Online banking may offer a great deal of ease and convenience, especially for owners of small and home-based businesses, but it exposes the account holder to a sea of unscrupulous fraudsters and hackers. In one fell swoop, a business’ entire financial health can be compromised and a business owner’s personal assets can be decimated.
Many small business owners may not be aware that according to federal law losses in private consumer accounts due to fraud are typically covered by the banks that hold them. The Federal Electronic Funds Transfer Act (EFTA) requires banks to reimburse consumer fraud victims within 10 days of a reported incident of fraud. Commercial accounts on the other hand receive virtually no protection from fraud or theft.
If your small business relies on online banking, then pay attention to the following tips to help keep your assets and your business safe:
1. Know your bank’s policies. Make sure that you are clear about what your bank is doing to protect your account and what it will do if your account is compromised by hackers. You should also know how your bank wants you to report any unauthorized charges or suspicious activity.

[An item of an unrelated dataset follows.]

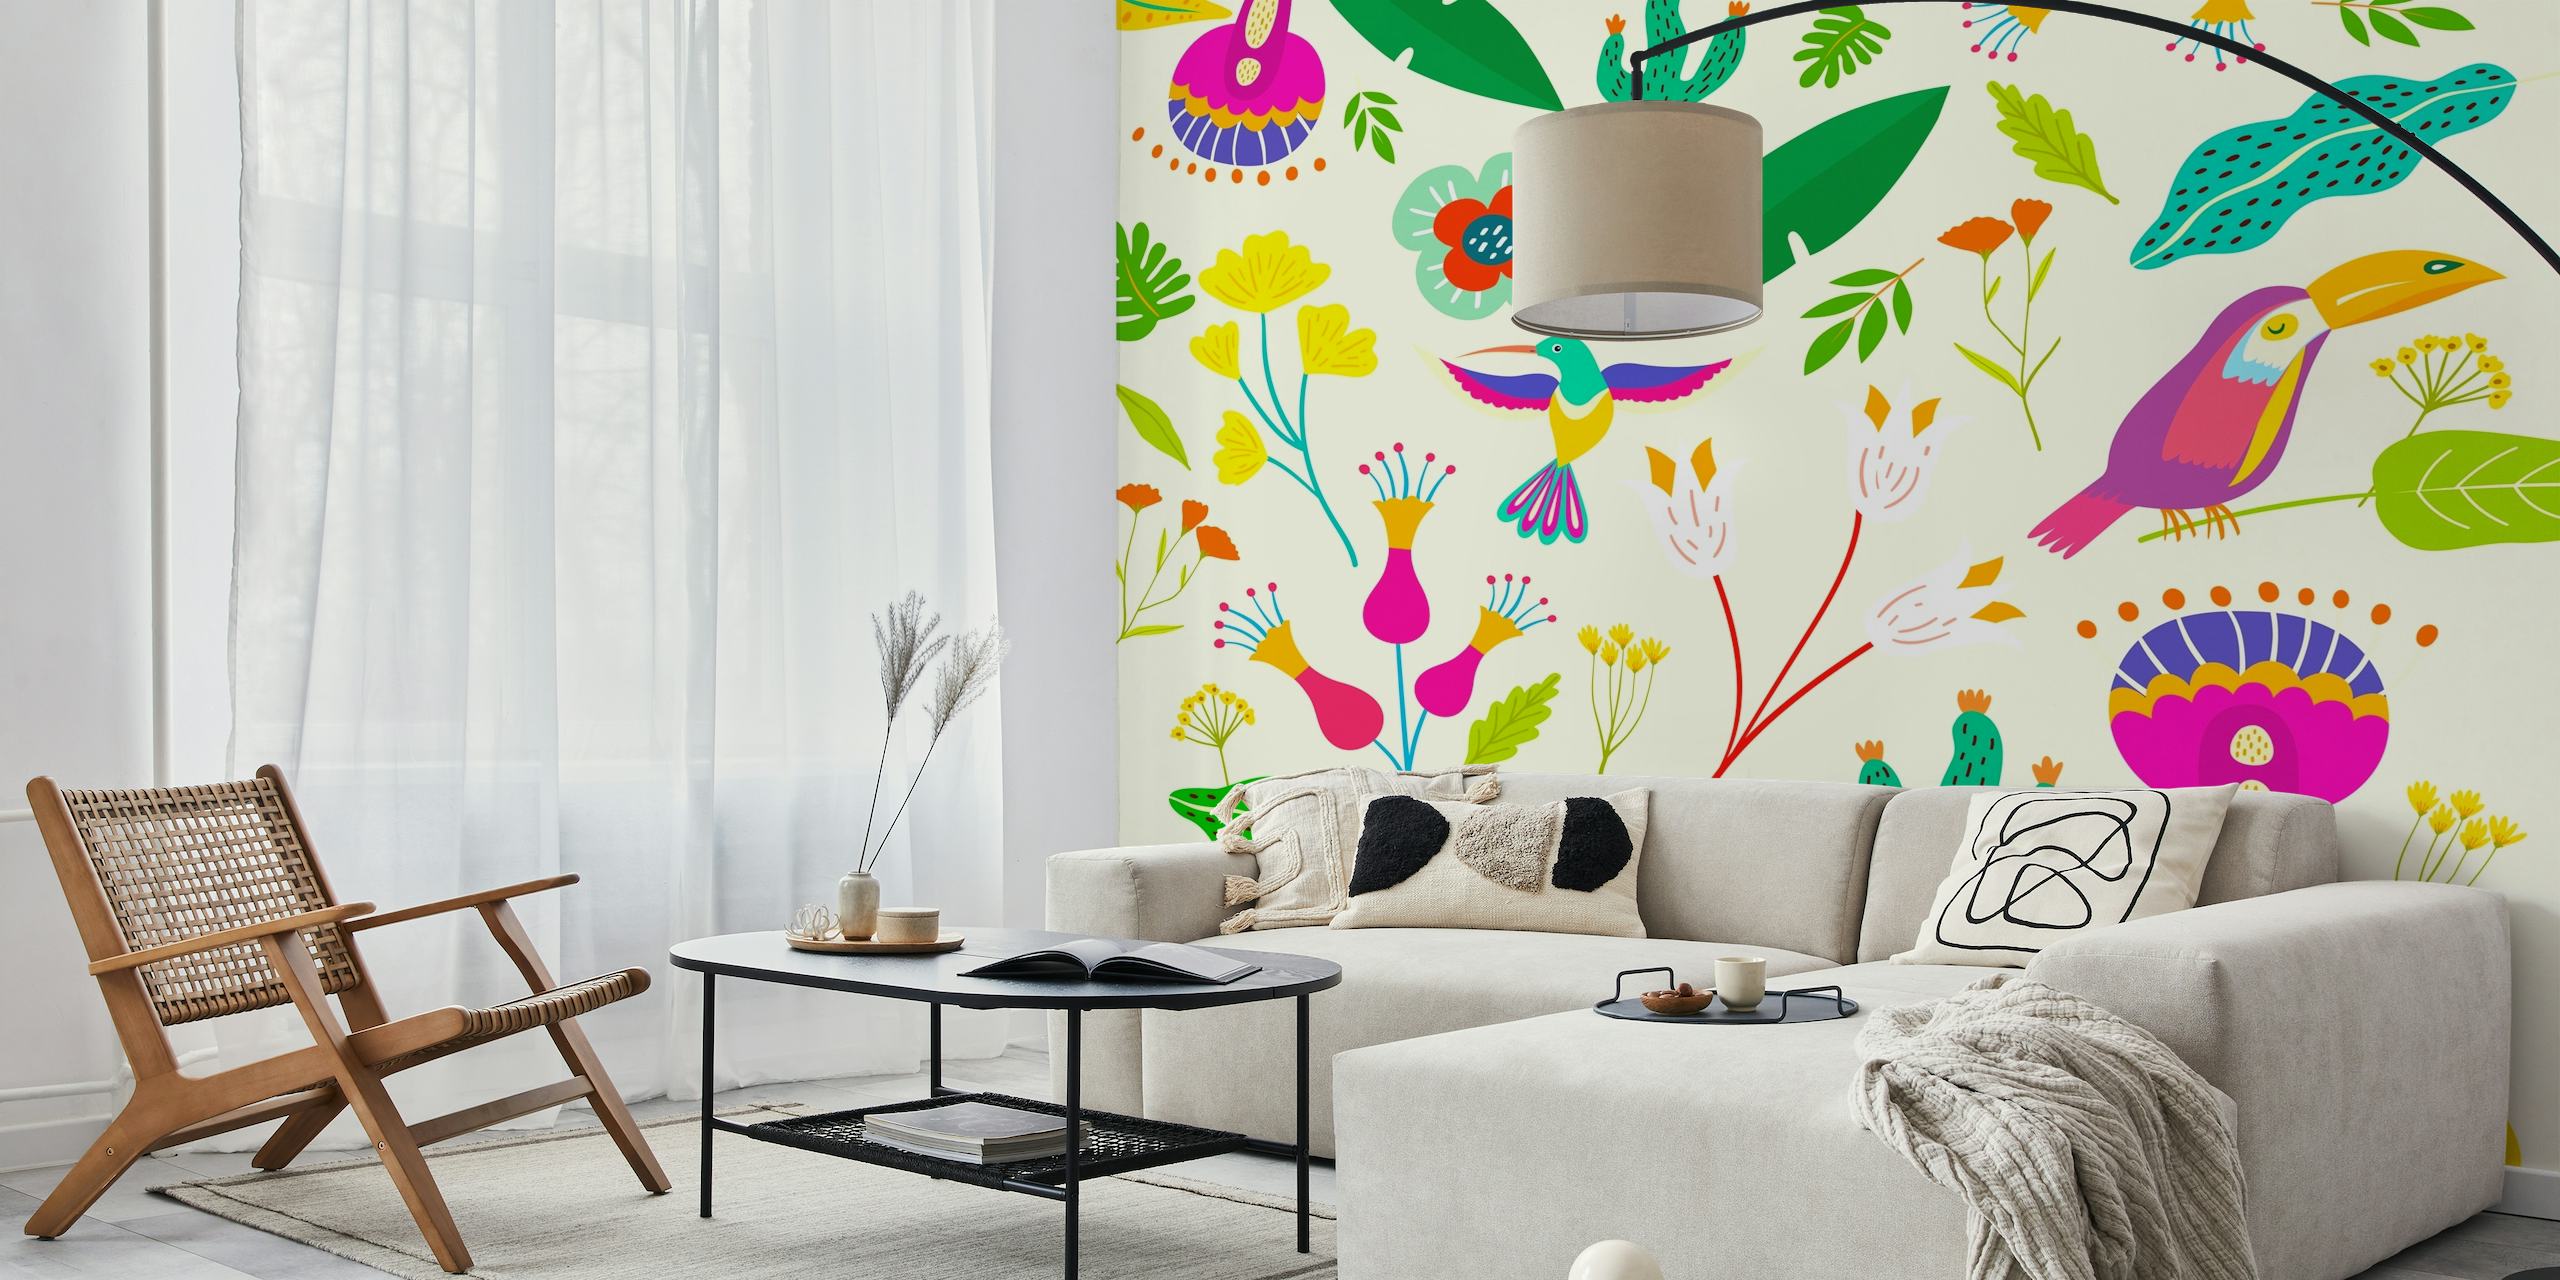 Frida Tropical Clean zidna slika sa stiliziranim pticama i tropskim biljkama

2. Choose a bank that has a solid fraud monitoring system and policy. One way to reduce your chances of becoming a victim of fraud is to do business with a bank that takes a proactive approach to online banking fraud. It should have a reliable monitoring system in place to detect suspicious account activity and should have a history of responding quickly to suspicious behavior.
3. Keep your anti-malware software and firewall protection current. Make sure that your system and browser software is up-to-date, and that you have installed reliable anti-virus, anti-spyware, and firewall protection.
4. Monitor your accounts for suspicious activity. The sooner you catch and respond to any irregularities and missing funds in your account the greater your chances of recouping the lost money. If your bank offers transaction alerts, then make sure to sign up for this service.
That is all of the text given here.